Later, when the Articles of Confederation were agreed to, the congress directed that they should be proposed to the legislatures of the states.

The preamble to the Articles of Confederation recites that they are proposed for the perpetual union of the original thirteen states, naming them.

On these facts as an historical basis it is contended that the Constitution was ordained for states alone, not for territories, and that since the term did not originally include any territories it is not fair or logical to so enlarge it at the present time.

It is doubtless true that, at least up to the time of the adoption of the Constitution, the term "United States" was a collective name for the states which had united for the purpose of throwing off the sovereignty of Great Britain, and did not, as then used, include anything but the area comprising such states.

When, however, the first congress under the Constitution met, the United States owned what was known as the Northeast Territory, ceded by New York and Virginia, and one of the first acts of that congress was to reenact the ordinance of 1787 for the government of that territory, with this declaration: "The said territory and the states which may be formed therein shall be and forever remain a part of the United States of America."

Thus it will be seen that it was at least deemed advisable for congress to declare that this territory was a part of, though it already belonged to, the United States. If the Constitution extended ex proprio vigore over that territory, such action by congress was superfluous. The statutes of the United States show that for many years it was the uniform practice of congress to extend the laws of the United States to newly admitted states. This was done with North Carolina and Rhode Island, two of the original thirteen states, and with Vermont, soon after admitted; but it does not appear that in these acts any reference was made to the Constitution being so extended.

The laws made by congress and thus extended might be repealed and become of no further force or effect, but if the Constitution can only be extended to the territory by act of congress, if the only power to place it there be congress, would not a subsequent repeal of such act operate to withdraw the Constitution from such territory? By what other authority than

the act is it there? The power to extend would certainly imply the power to withdraw. Whatever the congress has the power to enact it has the power to repeal.
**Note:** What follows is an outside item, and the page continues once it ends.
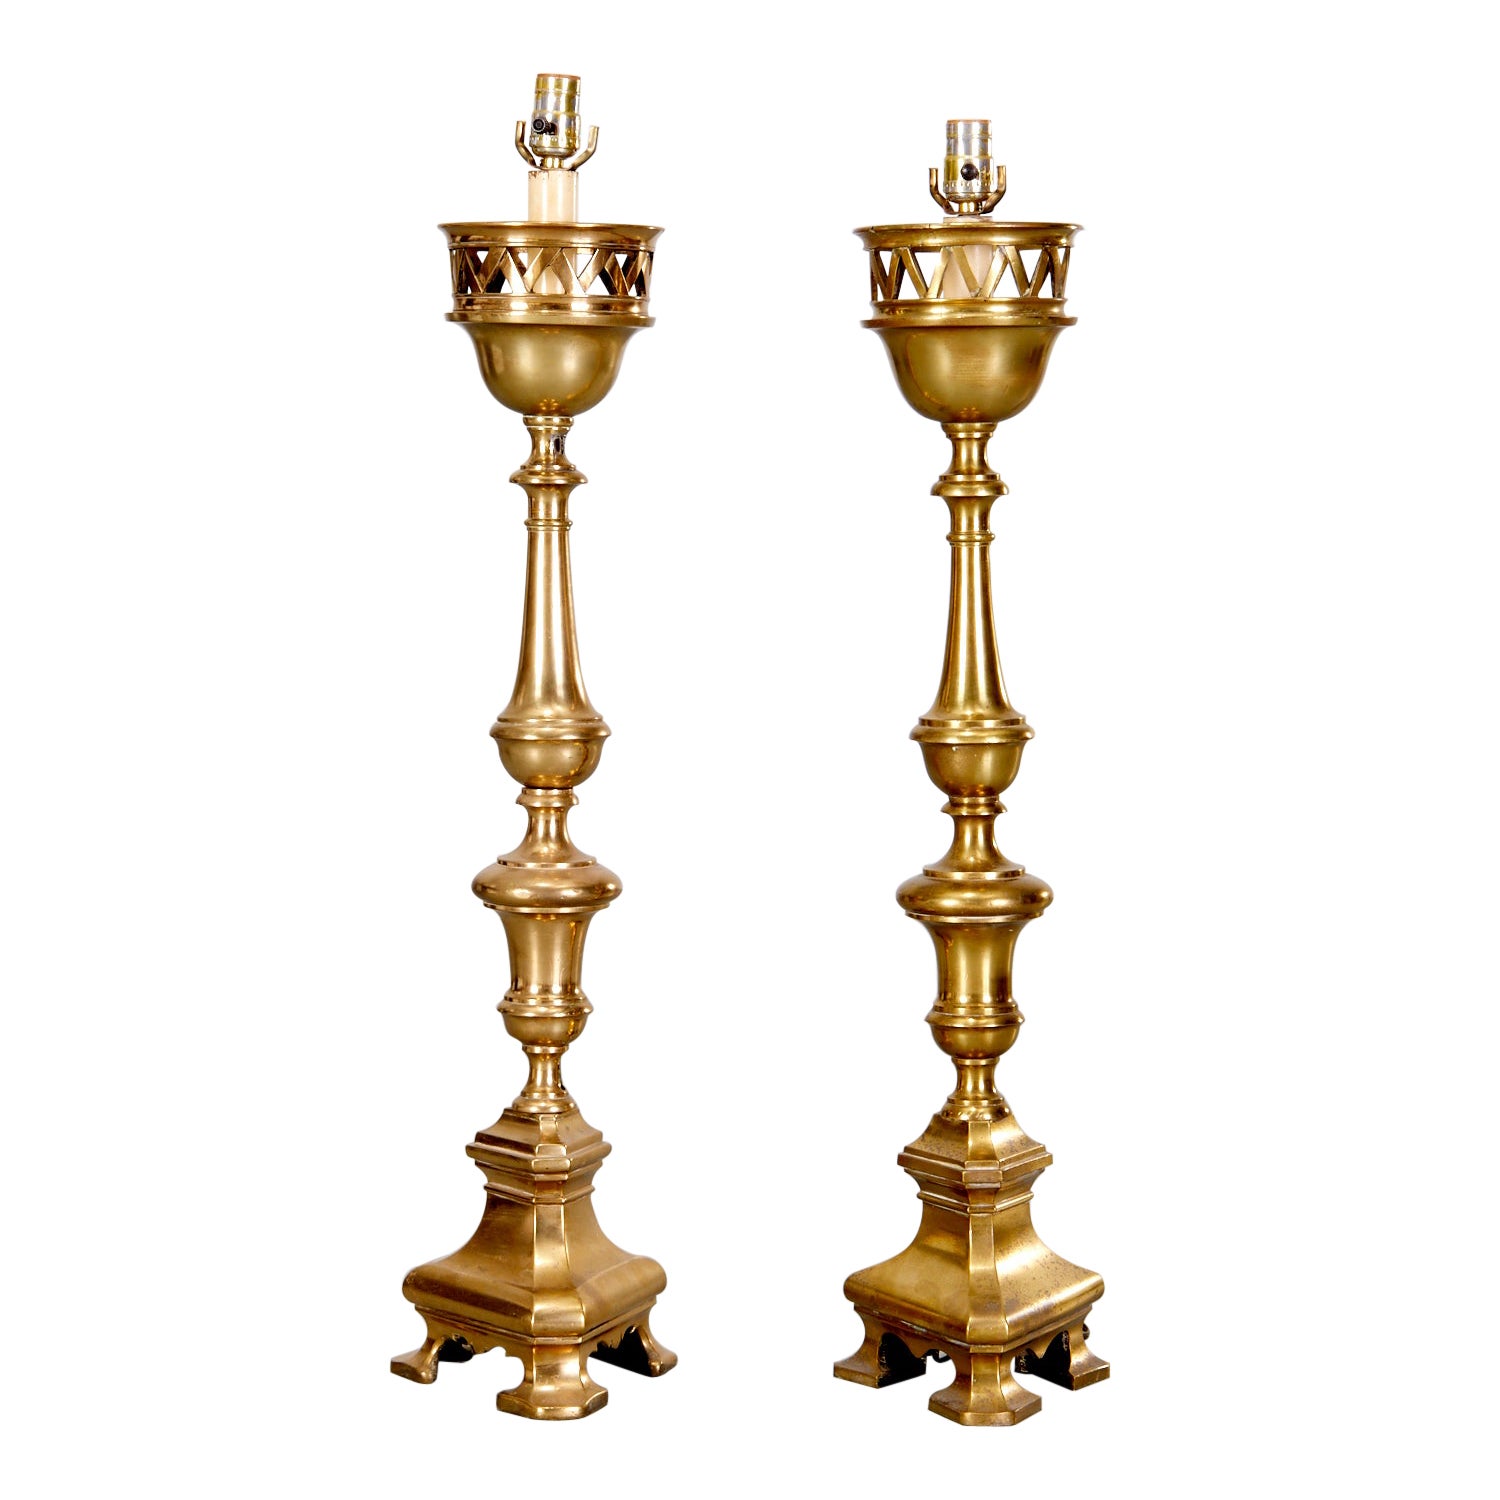 19th C. Pair of Heavy Brass Ecclesiastical Candlesticks Adapted to Table Lamps For Sale

This particular point, however, has never received judicial consideration.

It is strenuously insisted that under the terms of the Treaty of Paris the status of Puerto Rico and the other islands and their inhabitants was expressly left to determination by congress and hence there need be no further controversy on any constitutional question, as, under the treaty, congress may do as it please.

This position seems clearly untenable in view not only of generally recognized principles, but also of numerous decisions of the Supreme Court of the United States.

In the case of the Cherokee Tobacco, 11 Wallace, 616-620, that court said:

"It need hardly be said that a treaty can not change the Constitution or be held valid if in violation of that instrument. This results from the nature and fundamental principles of our government."

To the same effect is Thomas vs. Gray, 169 U. S., 264.

In the case of Fong Yue Fing vs. U. S., 149 U. S., 698, the same court held that if congress passed a law inconsistent with a treaty pledge, the law will be enforced and not the treaty.

Many other cases might be cited, but the proposition seems clear that the status of our newly-acquired possessions and their inhabitants-so far as the power of congress extends are precisely the same as though the Paris Treaty had made no reference to the subject of their disposition. No treaty can add to the powers of congress.

It has been assumed that Puerto Rico has been acquired with the intention of permanently holding it under the sovereignty of the United States.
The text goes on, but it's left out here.